In terms of heat output, they can produce as much heat as any other radiator of the same size and BTU rating. The difference between a vertical and horizontal radiator in this regard is the way that they distribute heat around the room. Horizontal radiators are more efficient at distributing heat in an even and broad manner. They heat up more of the room across a horizontal axis. This means that they are better at heating larger rooms.

 

However, there are two issues to address here:

 

  1. Vertical radiators might not spread heat as efficiently in a larger room, but in a smaller room, they tend to perform better because they produce more heat for the same amount of space. The horizontal radiators can sometimes be too big to fit in small spaces, and this means choosing a smaller radiator.
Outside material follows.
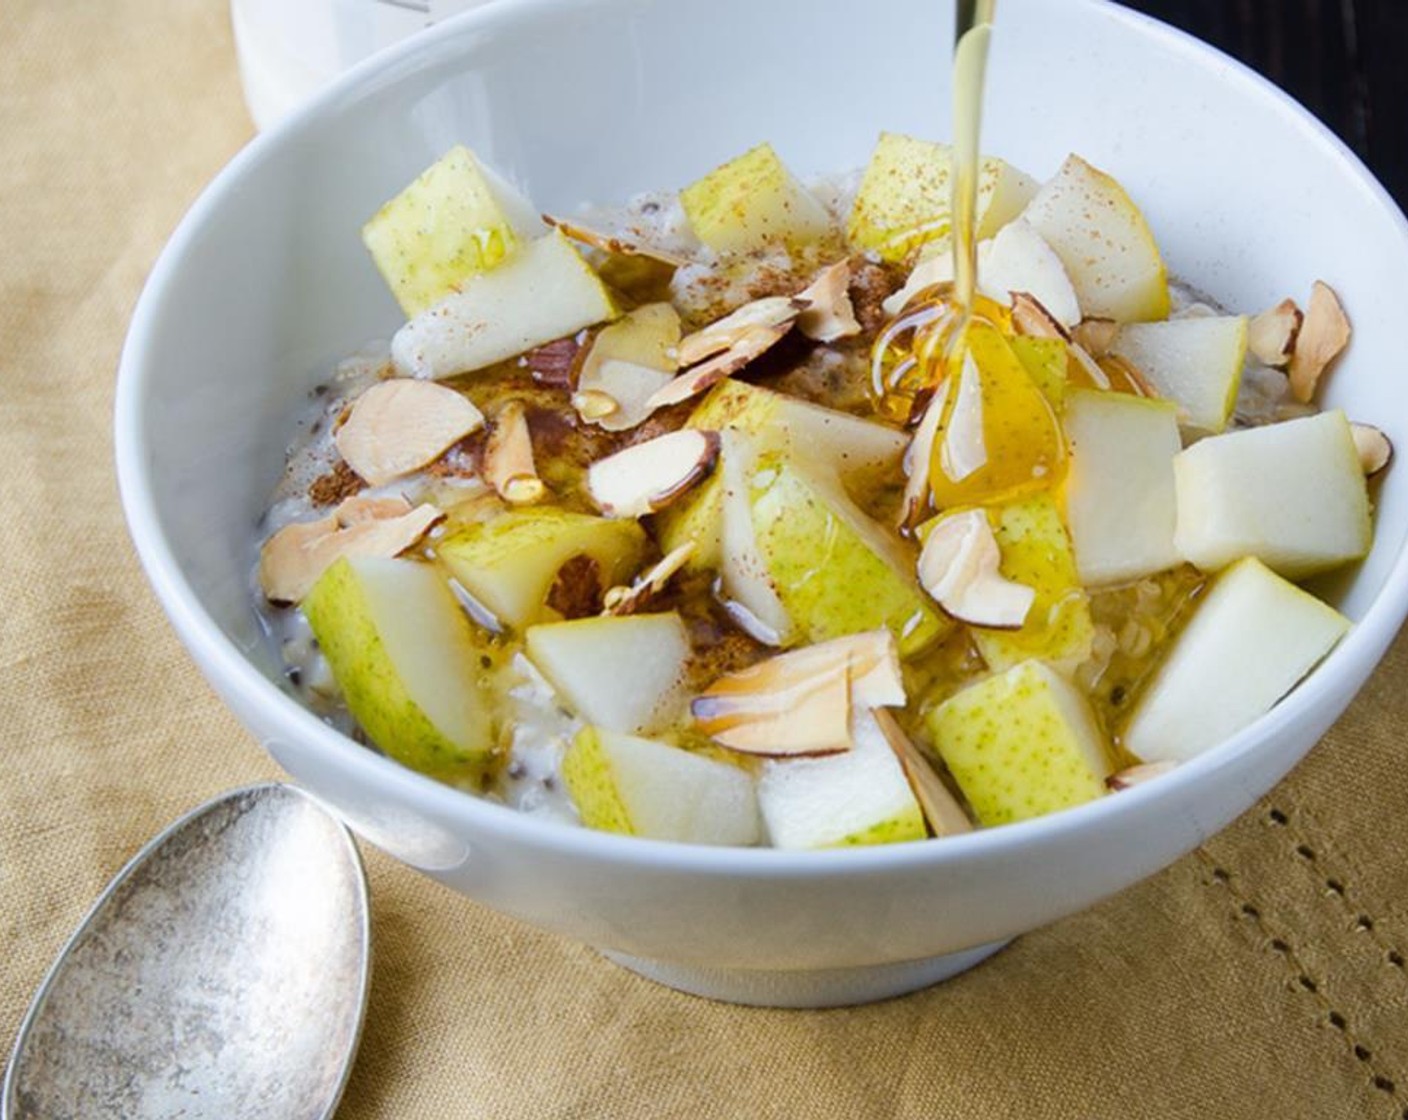 step 4 For vanilla pear almond topping: Dice the Pear (1/2). Dress your oats with Vanilla Extract (1/8 tsp), pears, Ground Cinnamon (1 dash), Honey (1 Tbsp) and toasted Almonds (1 Tbsp).

In turn, the smaller radiator produces less heat, and so it is less efficient than the vertical heater, which can produce as much heat as a larger horizontal radiator can produce in the same space.

 

 

  1. Some vertical heaters have convection fins that point the heat towards the floor and out in a fanning pattern. This means that they can cover a much broader area with their heat than the same radiator without convector fins would be able to do. This in turn means that modern vertical heaters, with convector fins, can almost match horizontal radiators in terms of heat distribution. They aren’t quite as good, but they are much better than they used to be and they are almost on a par with the horizontal radiators.

 

 

Vertical heaters are also better in some places than horizontal radiators are. For example, if you want to place your radiators on a north facing wall and that wall has a French door or French windows, then it can be better to place two vertical heaters on either side of the door or window, rather than having a single horizontal radiator somewhere on that wall. The two radiators will be more efficient than the single radiator will be.

 

Finally, vertical heaters have the key advantage that they look better than horizontal heaters. The manufactures design them with fun and classic shapes that make them appear much more elegant than other types of radiator appear.

 

We hope that you have found this article useful and that you now understand that while vertical heaters aren’t necessarily a good option, under certain circumstances, they are actually the best choice. As such, you should never write them off as impractical or inefficient.